The lines from the one holding "6d8ddc1113 Gucci Nylon" to the final line of the listing below are to be duplicated exactly, with both ends included and pictures omitted.

> Data segment
■ ■ ■ ■

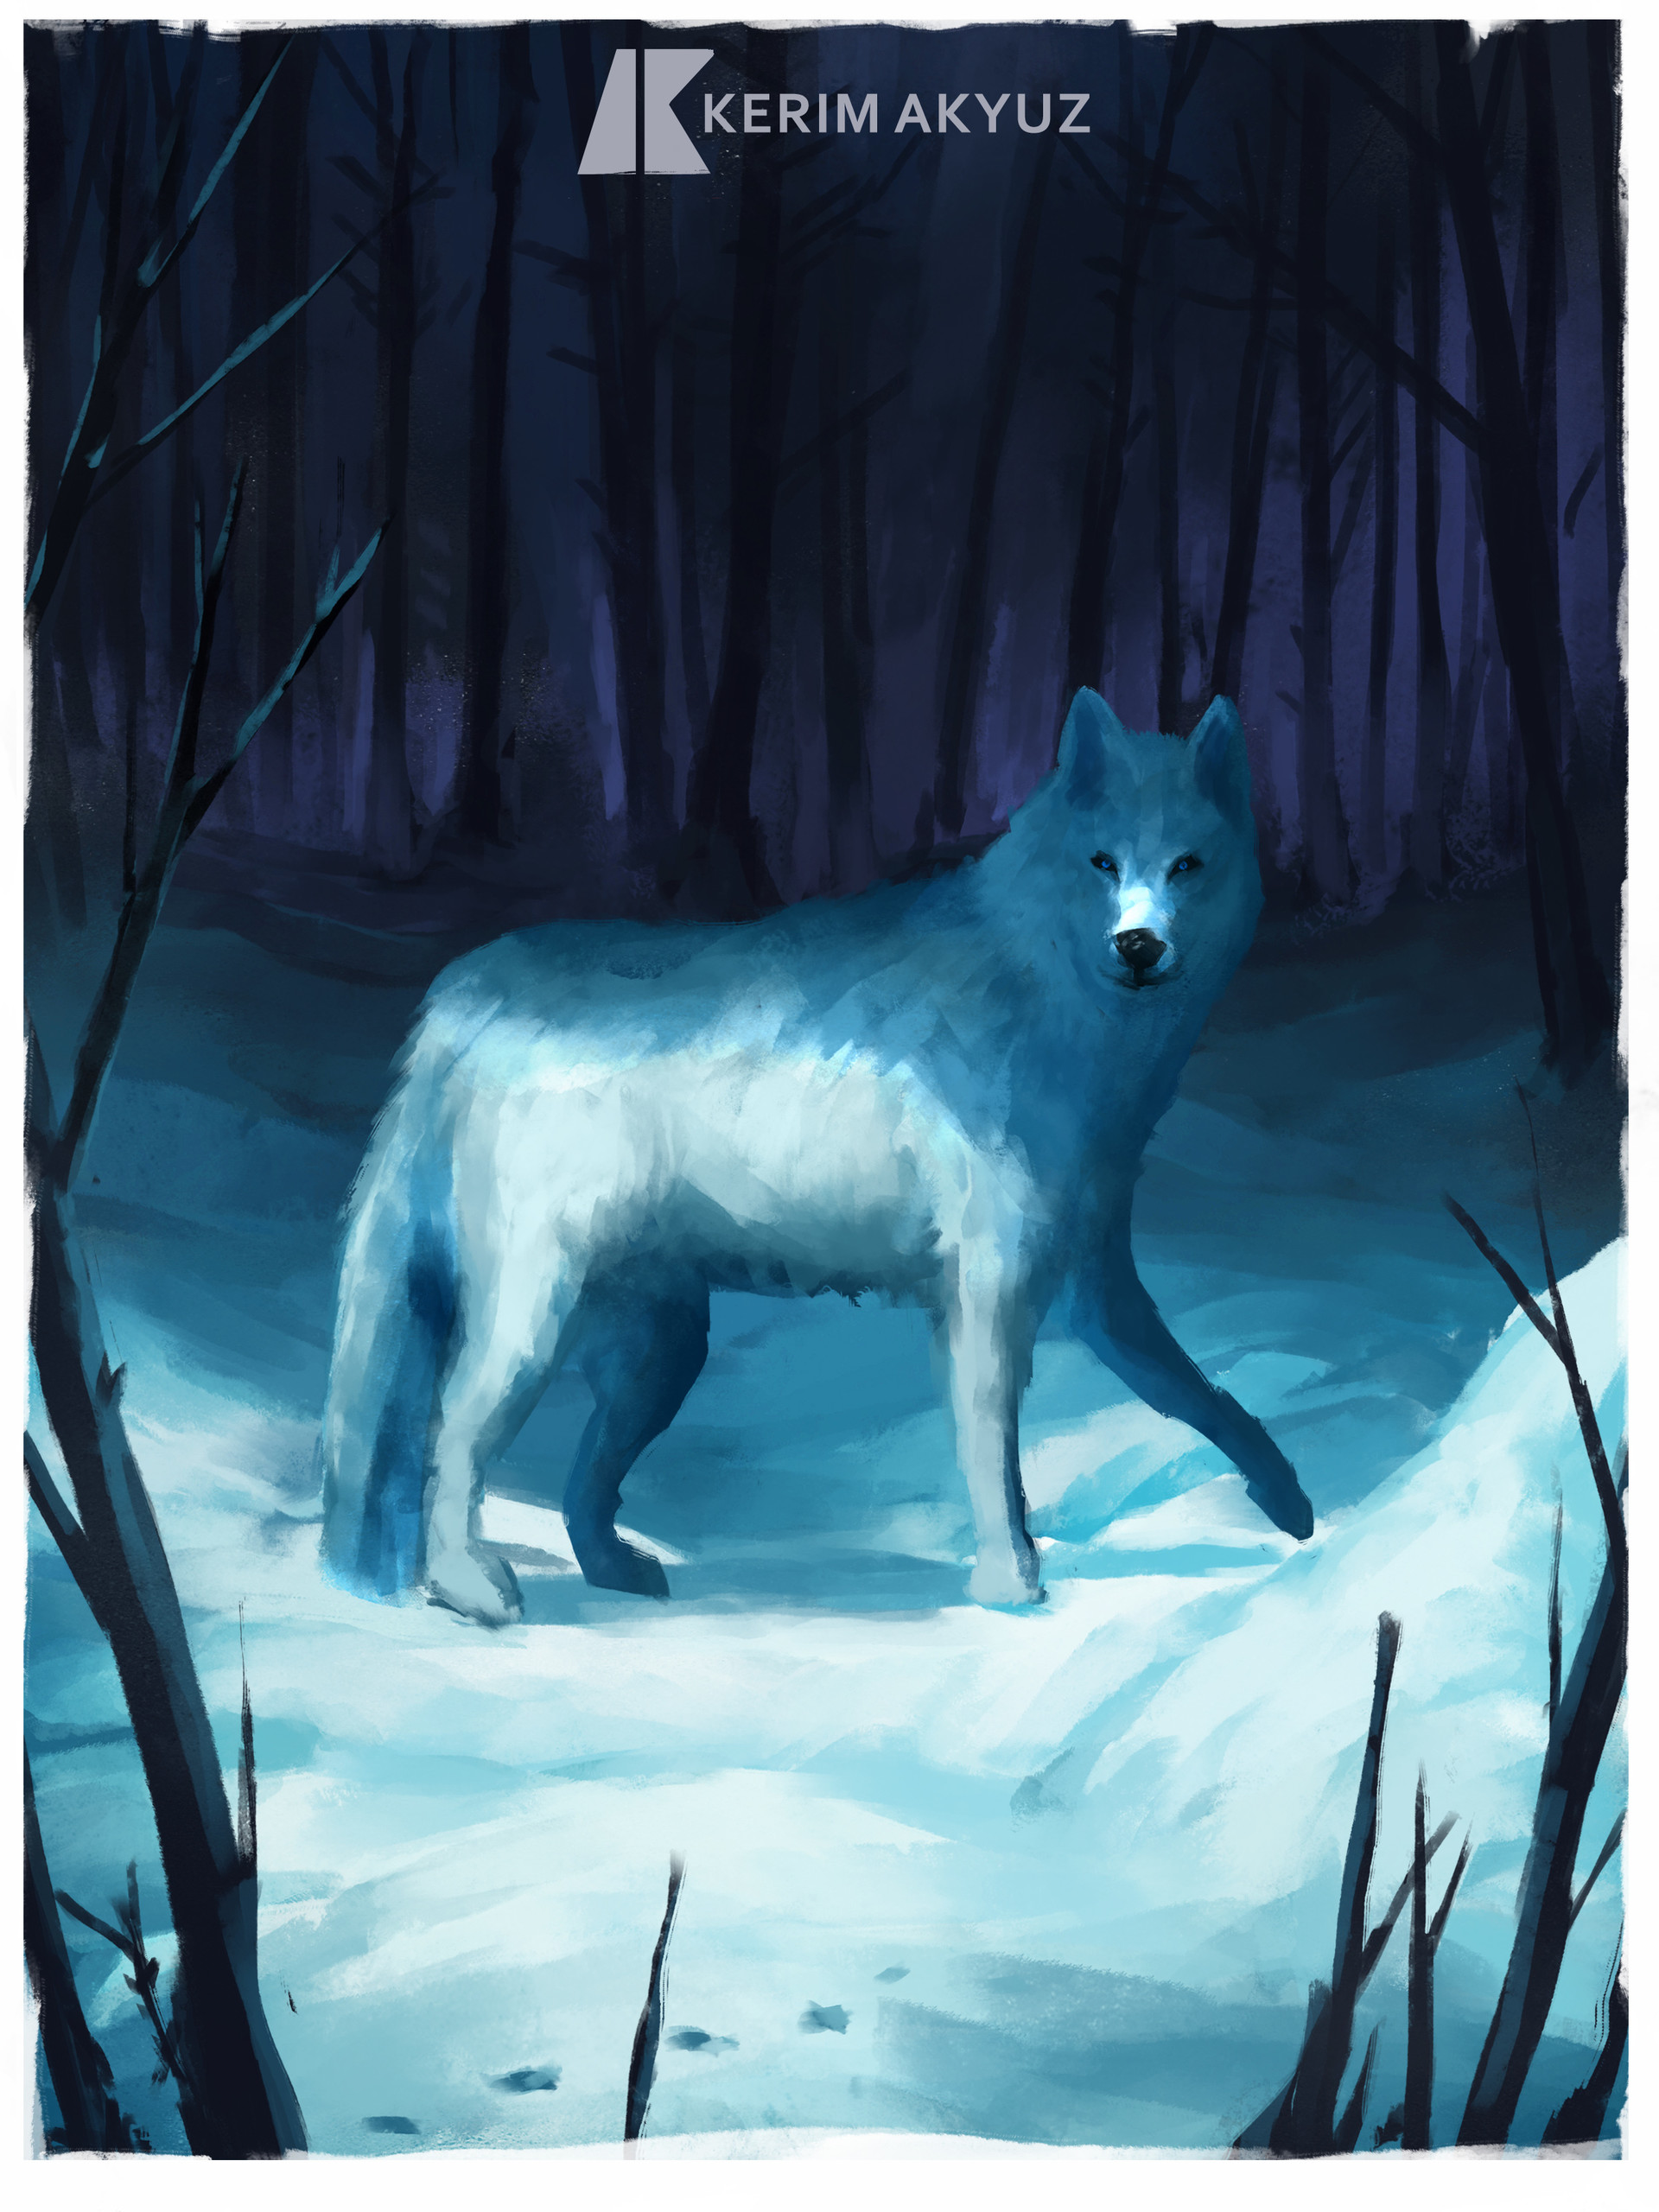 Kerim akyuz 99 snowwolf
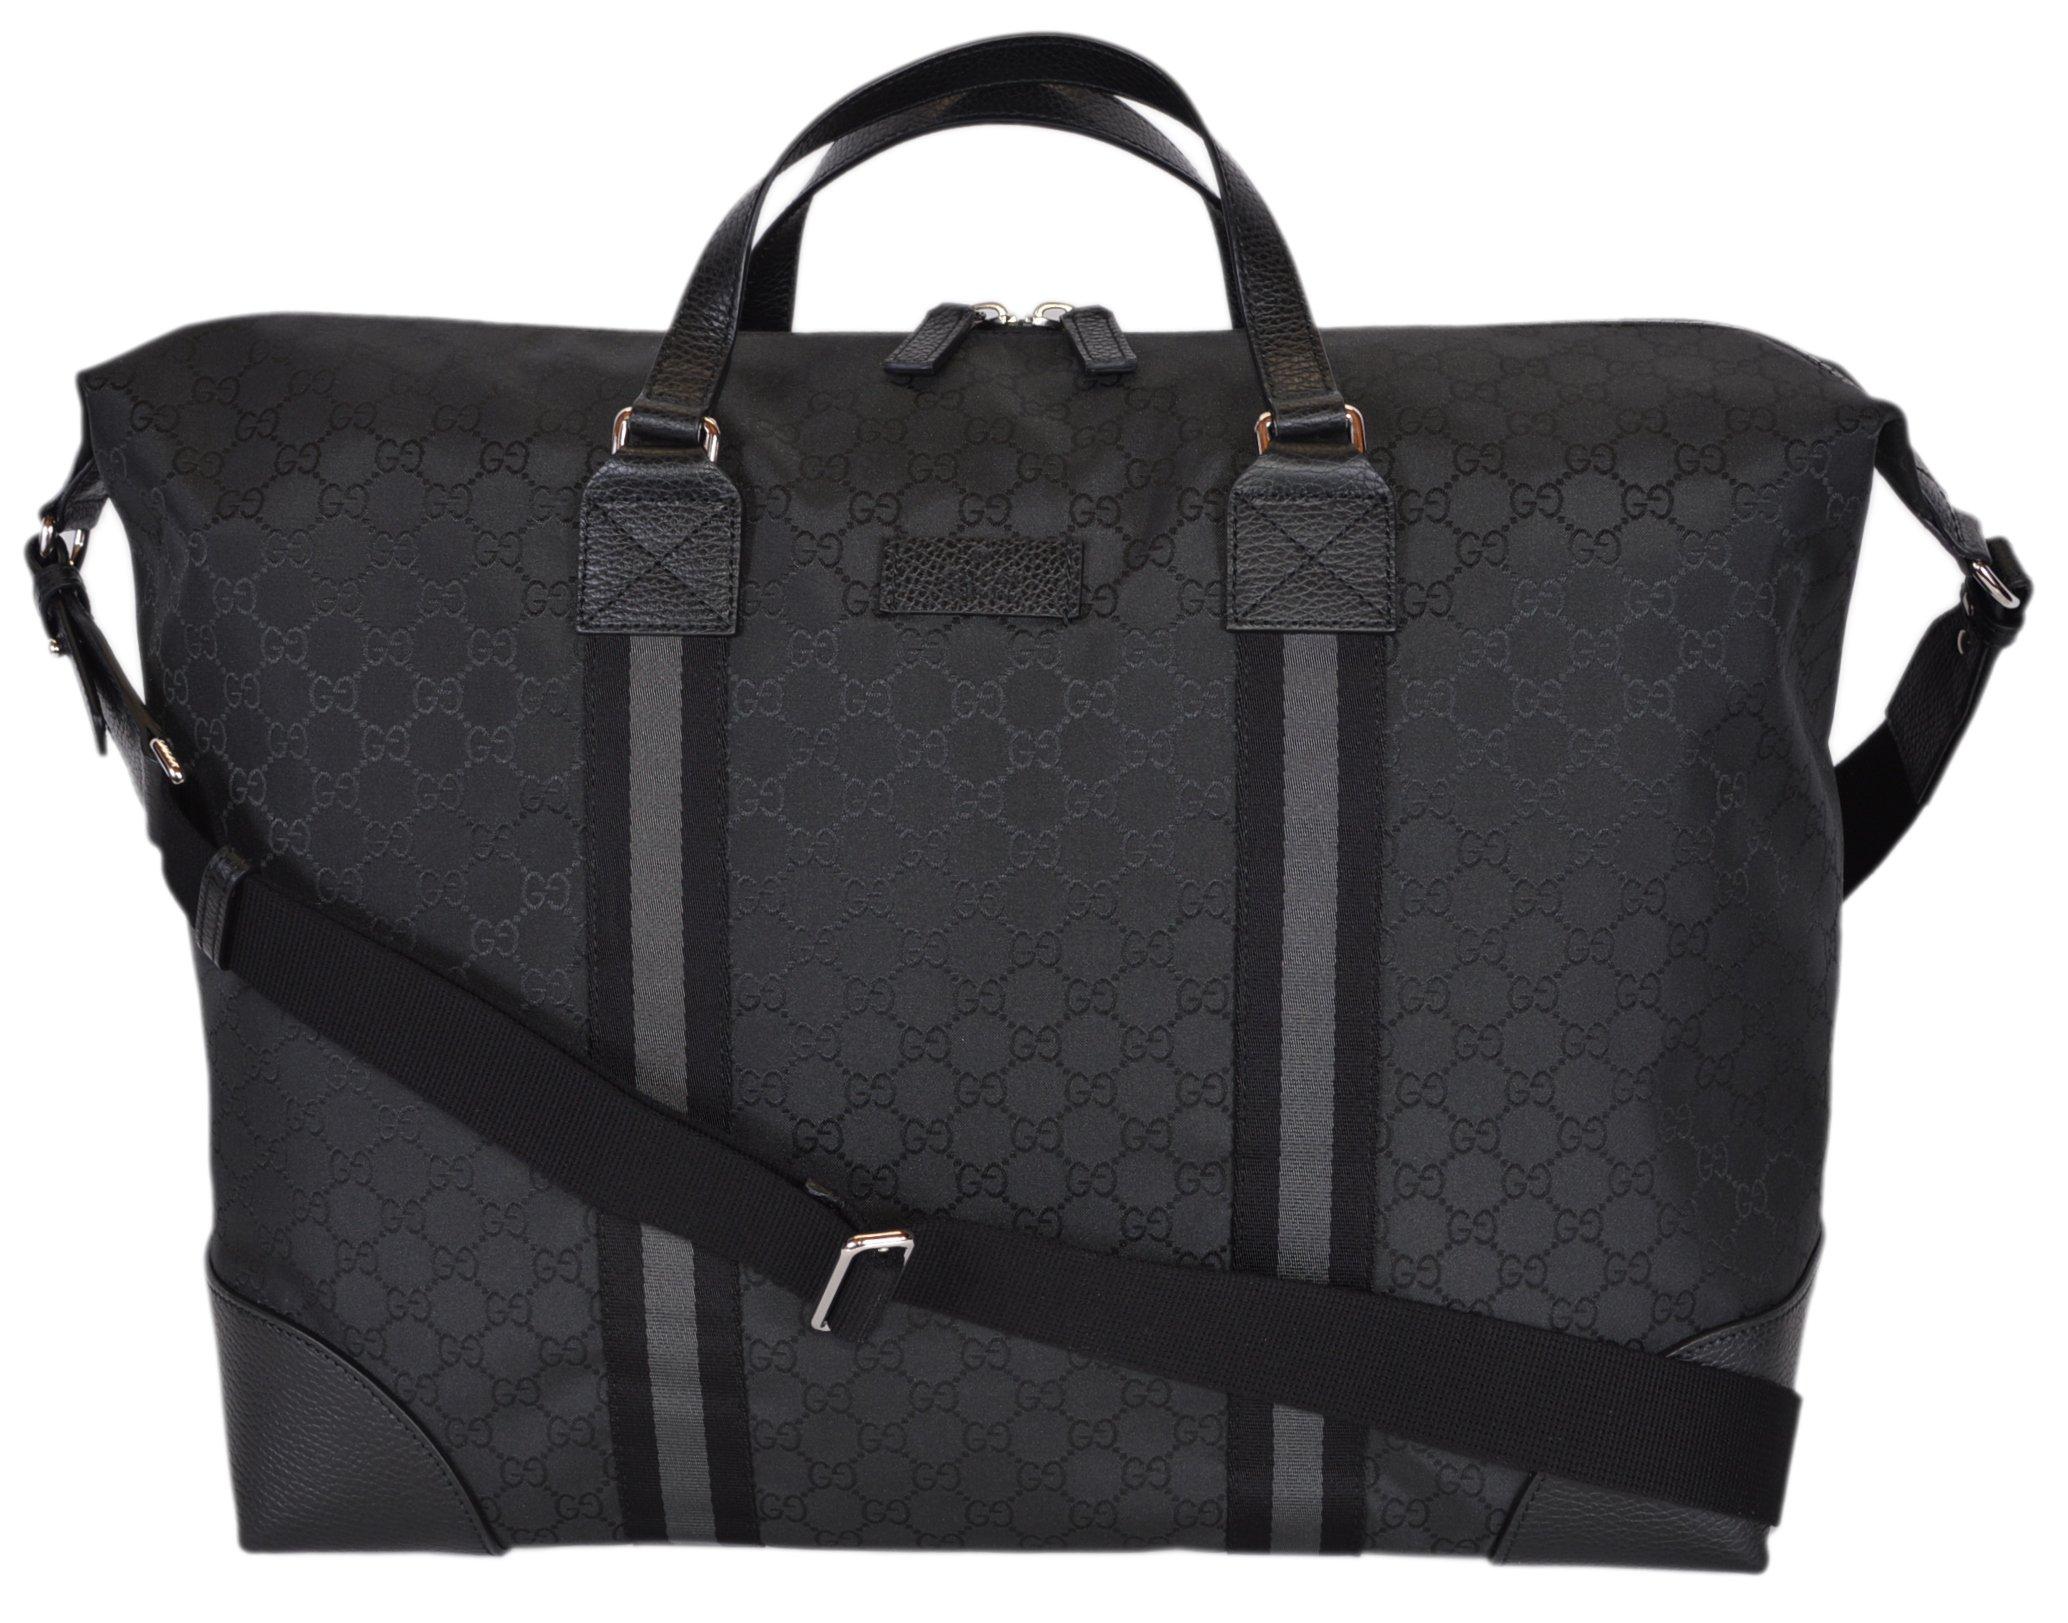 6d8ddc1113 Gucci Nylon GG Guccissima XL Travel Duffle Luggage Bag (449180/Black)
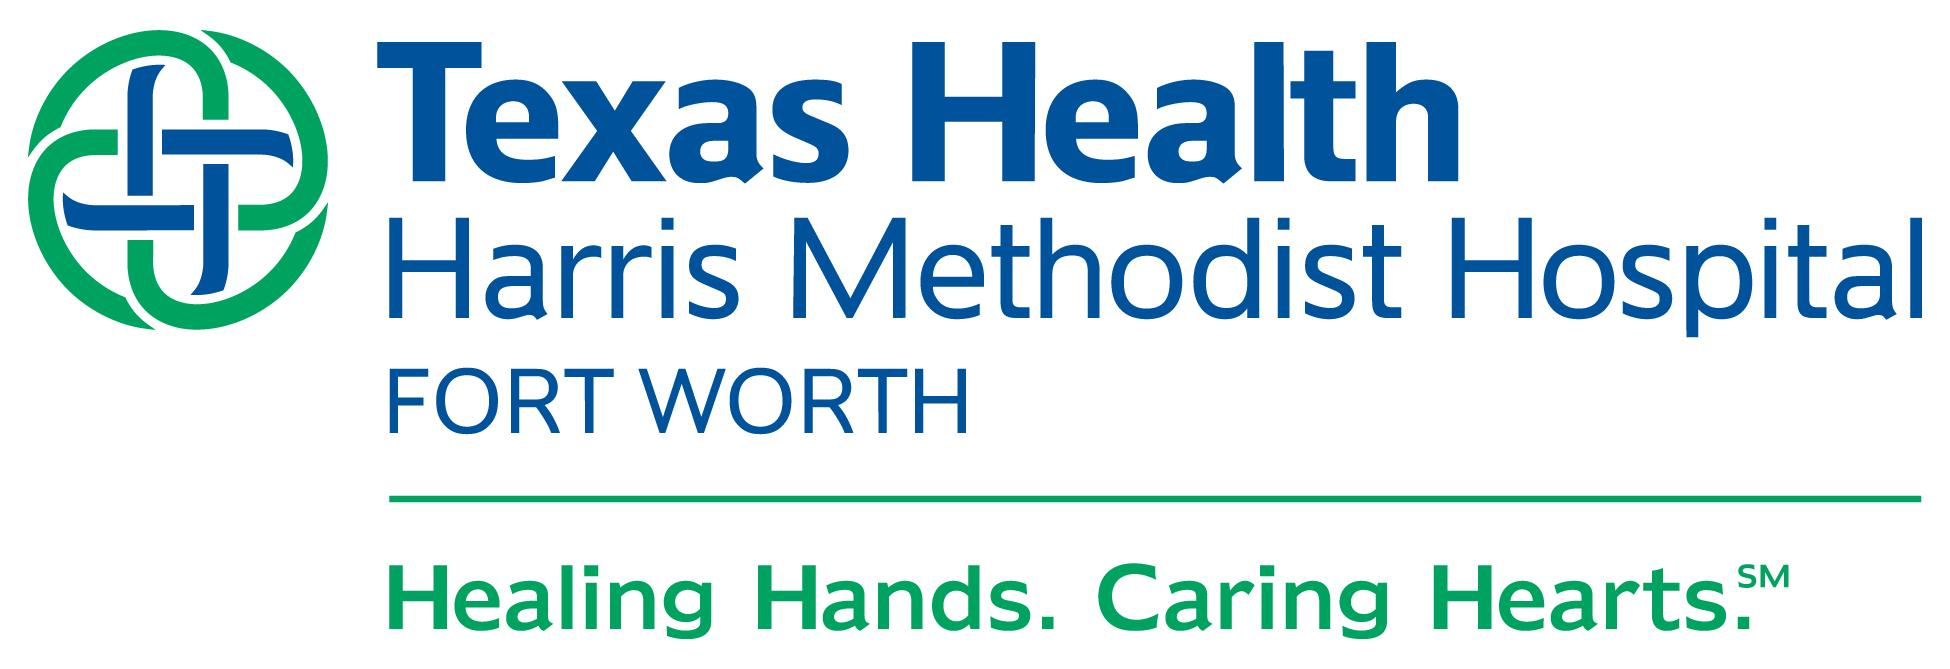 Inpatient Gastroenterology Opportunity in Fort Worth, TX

■ ■ ■ ■

> Written answer
 6d8ddc1113 Gucci Nylon GG Guccissima XL Travel Duffle Luggage Bag (449180/Black)
 Inpatient Gastroenterology Opportunity in Fort Worth, TX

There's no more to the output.